I’ve had a recurring dream/memory since those days. There were Monkey Bars in the playground near our apartment during my first three years. I struggled to reach the first bar and looked up to the older children on the tiers above with enormous longing and determination to actually climb to the top. We moved away before I was able to accomplish this. Several times I ran away from home and went back to the old neighborhood. But each time I was caught and brought back before I was able to accomplish my goal. Eventually we moved to a different state, and that was that. But this pattern has stayed with me. I continue to symbolically pursue the monkey bars and over and over some outward event prevents me from accomplishing the goal. Only a few years ago I recognized this as a life pattern that unconsciously ruled from the shadows of my memory. I won’t go into the details but I now have a powerful tool. Sometimes things come very easily when the obstructions are removed and manifestation becomes an organic development.

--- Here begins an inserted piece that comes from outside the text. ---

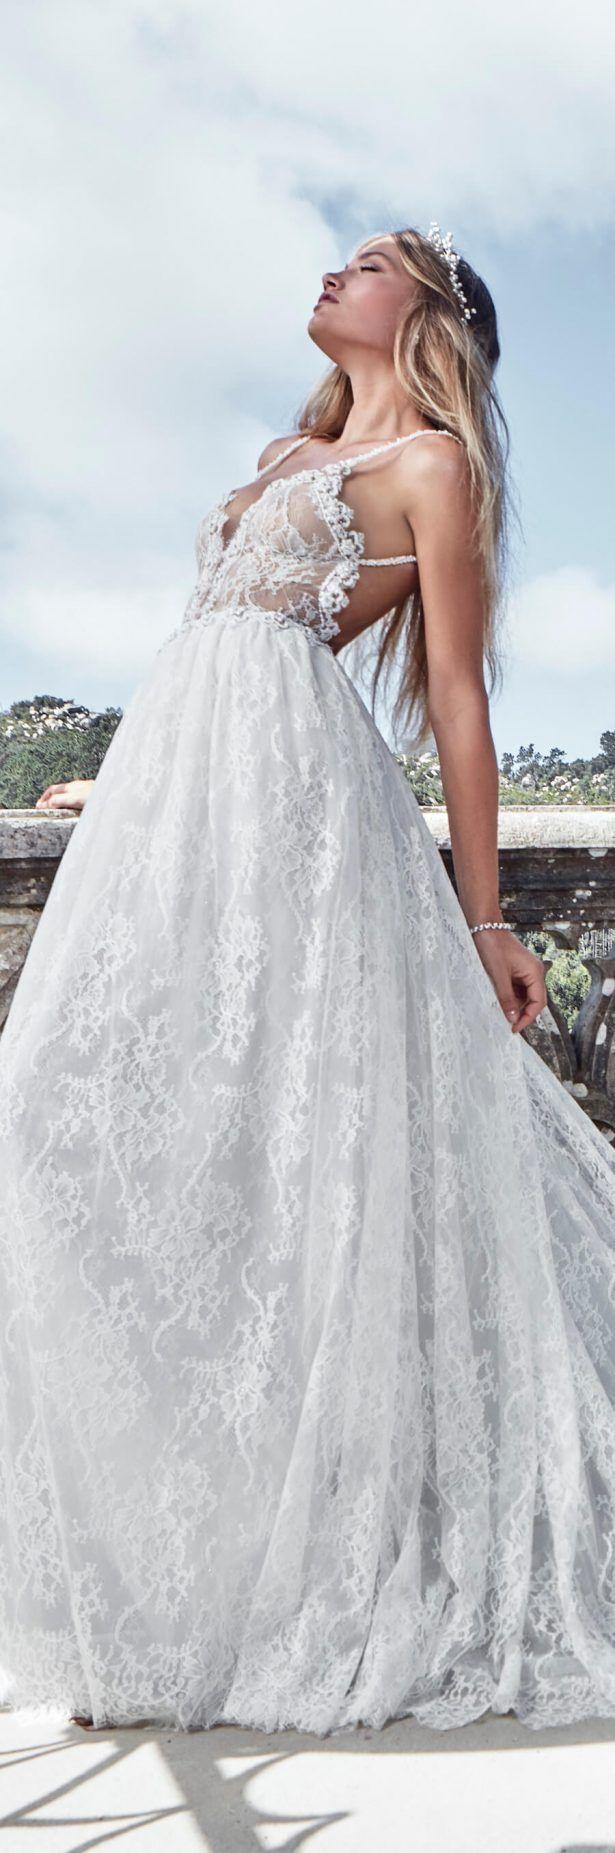 Solo merav wedding dress collection wedding pinterest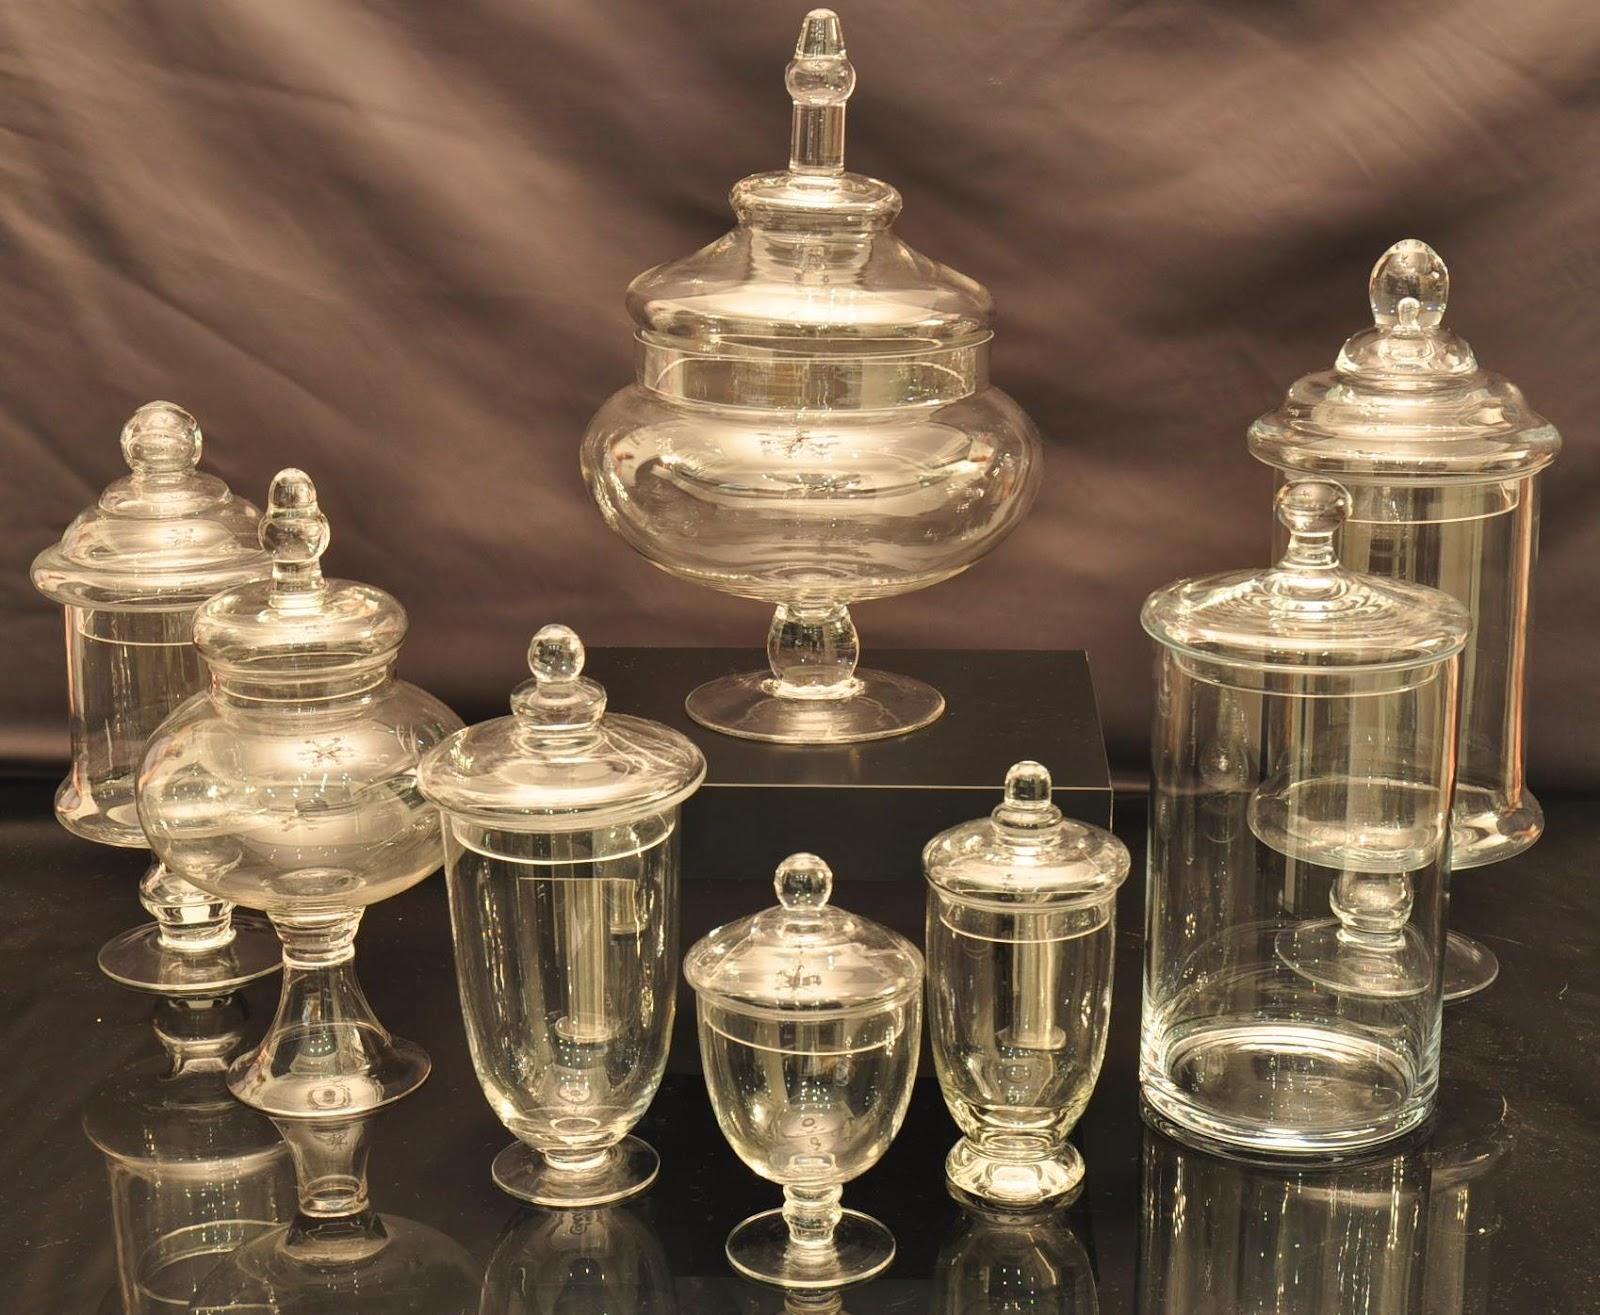 discount vases b y fashion stainless steel vase home. Black Bedroom Furniture Sets. Home Design Ideas

There are layers upon layers in these stories and it continues to guide me as I learn to identify the components. I’ve had teachers along the way, also; Carl Jung, Joseph Campbell, Carlos Castaneda, Arny Mindell, and so on along with some of my personal friends. Learning astrology was also helpful. For those of you interested in astrology I have a Gemini Sun in the 12th house, Moon conjunct Jupiter rising in Cancer (also in the 12th house, all of these squaring Neptune in the 4th house, and much of my strength comes from Mars conjunct Pluto late in the first house, Venus in Taurus and Uranus conjunct Saturn in the 11th house. It is a cosmic snapshot brought down to the personal level. Some folks can’t accept the idea that the position of the planets at a certain time can apply to anything personal. That assumes that we are totally personal. It may well be that everything in the universe partakes of an overall pattern if we knew how to read it. Humans have narrowed the field in certain ways for millenniums. They read numbers, stars, sheep’s innards and so on but were functioning on the assumption of holography long before it was a
concept. Somehow external patterns stimulates awareness of an internal reflection.